You should try the cheese sticks.. The cheese they use is AWESOME!


----------



## nix (Feb 24, 2010)

none, they all sell overpriced pizza. I make pizza at home. Its cheaper and much better. I can put lot more cheese. I buy the pizza base though.


----------



## arpanmukherjee1 (Feb 24, 2010)

dominos cheese burst   .... lovely


----------



## ssk_the_gr8 (Feb 24, 2010)

nix said:


> none, they all sell overpriced pizza. I make pizza at home. Its cheaper and much better. I can put lot more cheese. I buy the pizza base though.

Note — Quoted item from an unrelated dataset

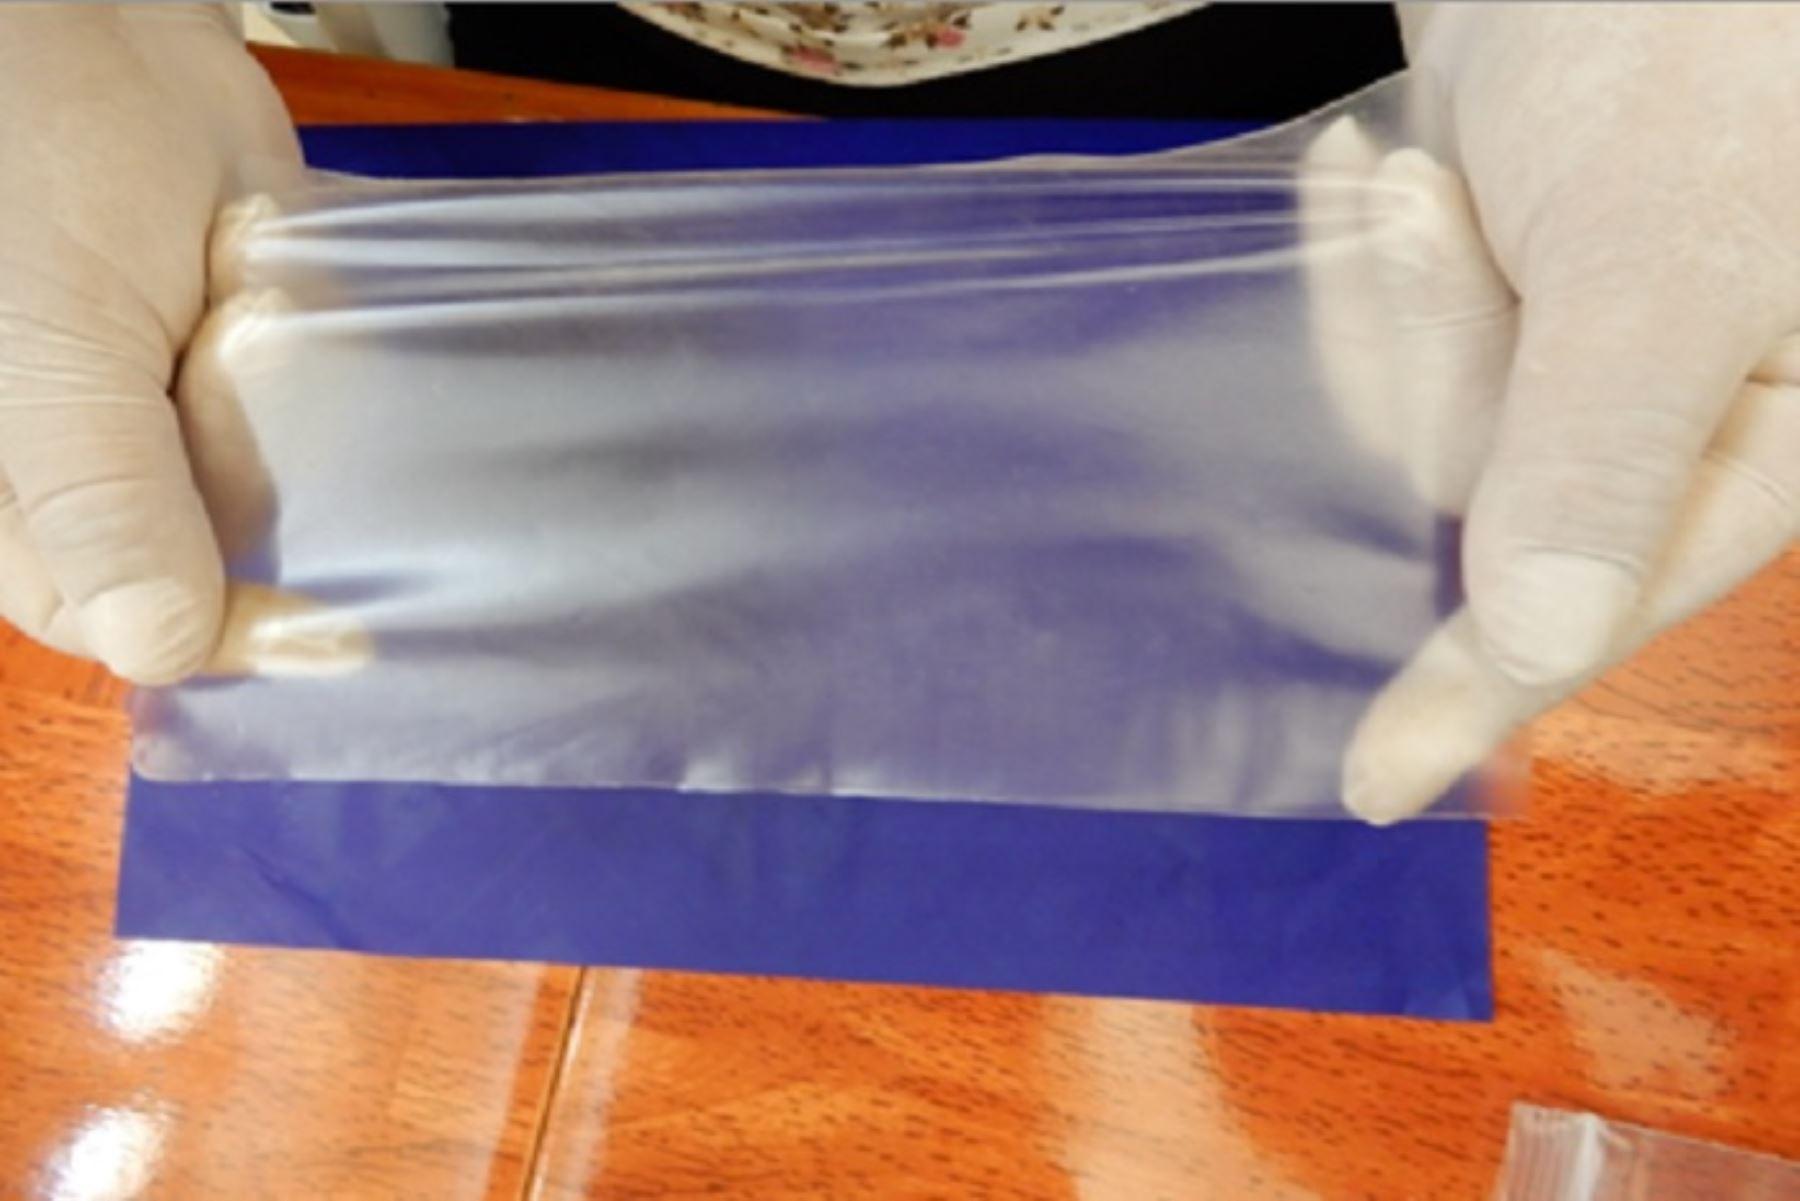 En Arequipa un grupo de investigadores han desarrollado la producción de bolsas de plástico a base de almidón de papa, que bien podrían reemplazar las bolsas de plástico de un solo uso que tanto daño hace al ecosistema.

even i do that and i agree its overpriced...
u can make as good a pizza at home.. but some of the stuff that dominos makes is too good


----------



## ancientrites (Feb 24, 2010)

i too make my own pizza.


----------



## kalpik (Feb 24, 2010)

Common.. Those who say that you make your own pizza is as good as the pros.. Who are you kidding?!


----------



## The Conqueror (Feb 25, 2010)

As far as making pizza's at home is considered....
The price would be nearly same...combine the price of cheese,pizza base,pizza chutney,ketchup,etc etc..and the remaining they certainly charge for the "polite" customer service.





arpanmukherjee1 said:


> dominos cheese burst   .... lovely


Yes I too like it btw home delivery here is too fast (I got it within 20min.)


----------



## ssk_the_gr8 (Feb 25, 2010)

The Conqueror said:


> As far as making pizza's at home is considered....
> The price would be nearly same...combine the price of cheese,pizza base,pizza chutney,ketchup,etc etc..and the remaining they certainly charge for the "polite" customer service.
> Yes I too like it btw home delivery here is too fast (I got it within 20min.)



the price isnt the same dude its way cheaper...


----------